Selama rentang Januari – Agustus 2022 penggunaan pertalite telah mencapai 19,5 juta kilo liter, dari kuota 23 juta kilo liter. Terhadap penggunaan solar subsidi pada rentang waktu yang sama mencapai 11,4 juta kiloliter dari kuota 14,9 juta kiloliter. Adapun permintaan tinggi terhadap pertalite dan solar sejalan dengan makin membaiknya pemulihan ekonomi masyarakat.
“Ekonomi kita yang pulih ini wajib kita syukuri, tetapi ada risiko kebutuhan pertalite dan solar yang meningkat drastis,” tukasnya.
Akibatnya, kata Said, pemerintah menghadapi dua persoalan sekaligus yang harus diselesaikan, yakni tekanan harga karena tingginya harga BBM sekaligus membengkaknya kebutuhan pertalite dan solar karena permintaan yang naik. Sedangkan tingginya harga minyak dunia, karena sebagian besar kebutuhan minyak dari impor, pemerintah telah menaikkan harga BBM.
“Banggar DPR memberikan apresiasi atas langkah ini, sebab Banggar DPR sebenarnya sejak sebulan lalu telah mendorong agar mengubah tarif BBM,” ucapnya.
Terhadap kebutuhan penambahan kuota, pemerintah telah menambah kuota BBM bersubsidi. Untuk Pertalite dari semula 23 juta kiloliter menjadi 29 juta kiloliter, sedangkan untuk solar dari semula 14,9 juta kiloliter menjadi 17,4 juta kiloliter. Atas kebijakan ini maka berkonsekuensi penambahan anggaran subsidi dan kompensasi energi.
Atas langkah cepat pemerintah ini, maih kata Said, Banggar DPR memberikan apresiasi sebagai upaya pengamanan kebutuhan stok BBM, khususnya BBM bersubsidi untuk rakyat, karena hal ini menyangkut hajat hidup orang banyak. Namun Banggar DPR mengharapkan pemerintah untuk mengambil langkah langkah strategis.
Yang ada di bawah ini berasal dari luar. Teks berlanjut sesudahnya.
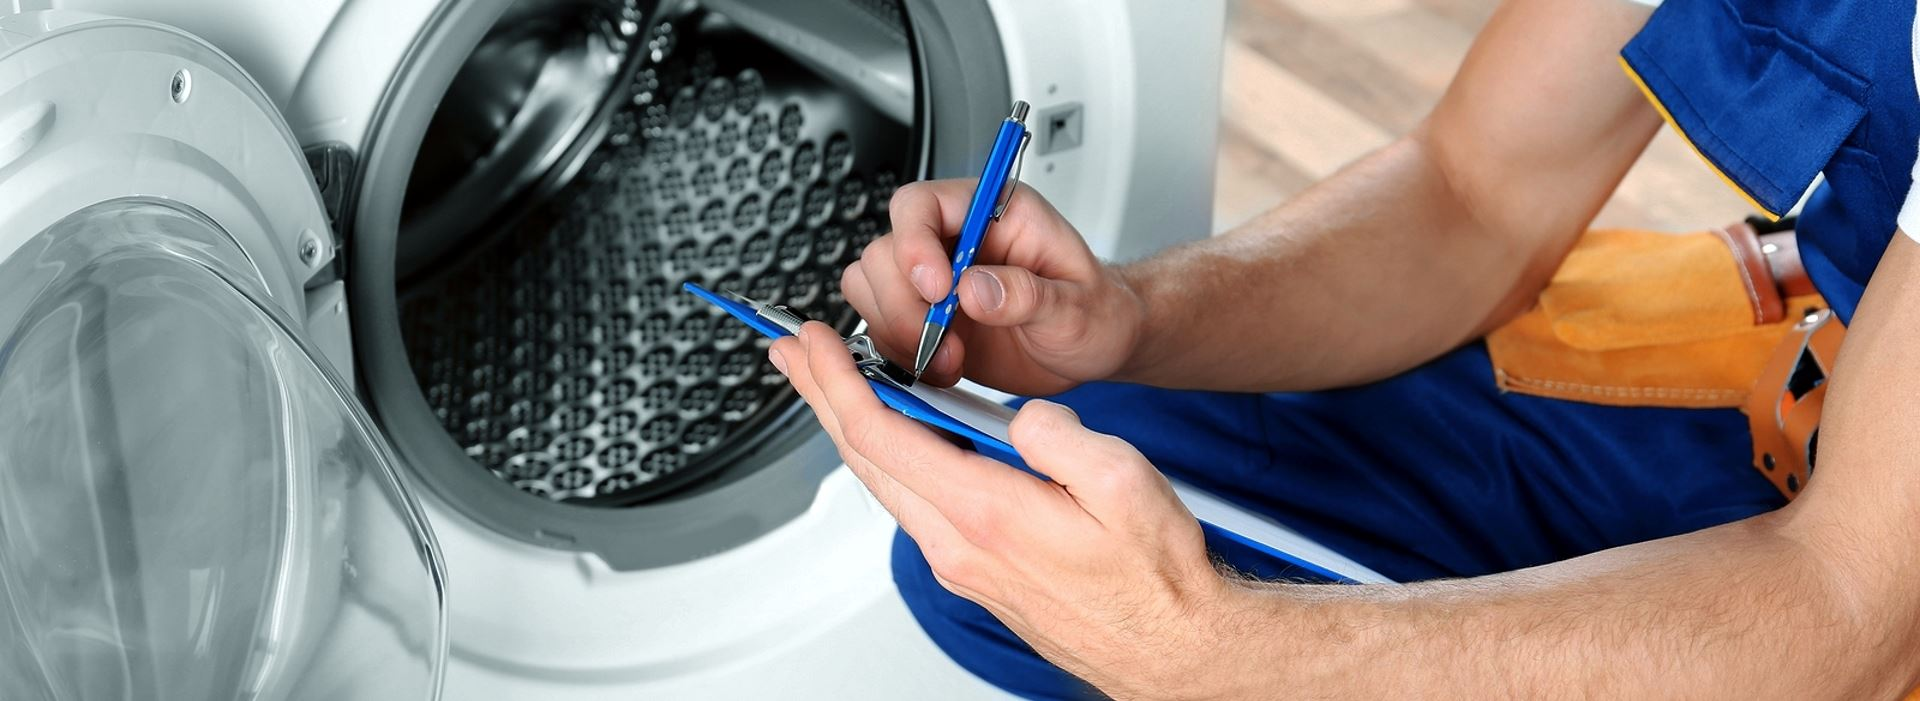 Appliance Repair In Los Angeles Socal Appliance Repair Pros

“Terakhir, banyak sekali wartawan yang melontarkan pertanyaan kepada saya, apakah penambahan anggaran subsidi dan kompensasi BBM ini telah mendapatkan persetujuan kepada DPR. Agar tidak menjawab satu per satu, perlu saya berikan penjelasan bahwa APBN 2022 masih terikat dengan kerangka UU No 2 Tahun 2020 tentang Perppu No 1 tahun 2020,” kata Said.
Adapun Perppu No 1 Tahun 2020 memberikan kewenangan kepada pemerintah untuk melakukan relokasi dan refocusing anggaran. Hal itu telah ditempuh oleh pemerintah melalui Program PEN sejak 2020. Relokasi dan refocusing anggaran cukup ditetapkan melalui Peraturan Presiden.
Sesuai Perppu No 1 tahun 2020, pemerintah berwenang melakukan tindakan yang berakibat pengeluaran atas beban Anggaran Pendapatan dan Belanja Negara (APBN), yang anggaran untuk membiayai pengeluaran tersebut belum tersedia atau tidak cukup tersedia, serta menentukan proses dan metode pengadaan barang dan jasa.
Berdasarkan kewenangan yang diberikan oleh UU itu, lanjutnya, maka pemerintah berhak menetapkan besaran belanja subsidi dan kompensasi BBM. Kondisi itu bakal berbeda dengan tahun depan, karena APBN 2023 tidak lagi terikat dengan UU No 2 Tahun 2020.
“Maka setiap melakukan tindakan yang berakibat pengeluaran atas beban APBN, yang anggaran untuk membiayai pengeluaran tersebut belum tersedia atau tidak cukup tersedia harus mendapatkan persetujuan DPR,” pungkasnya.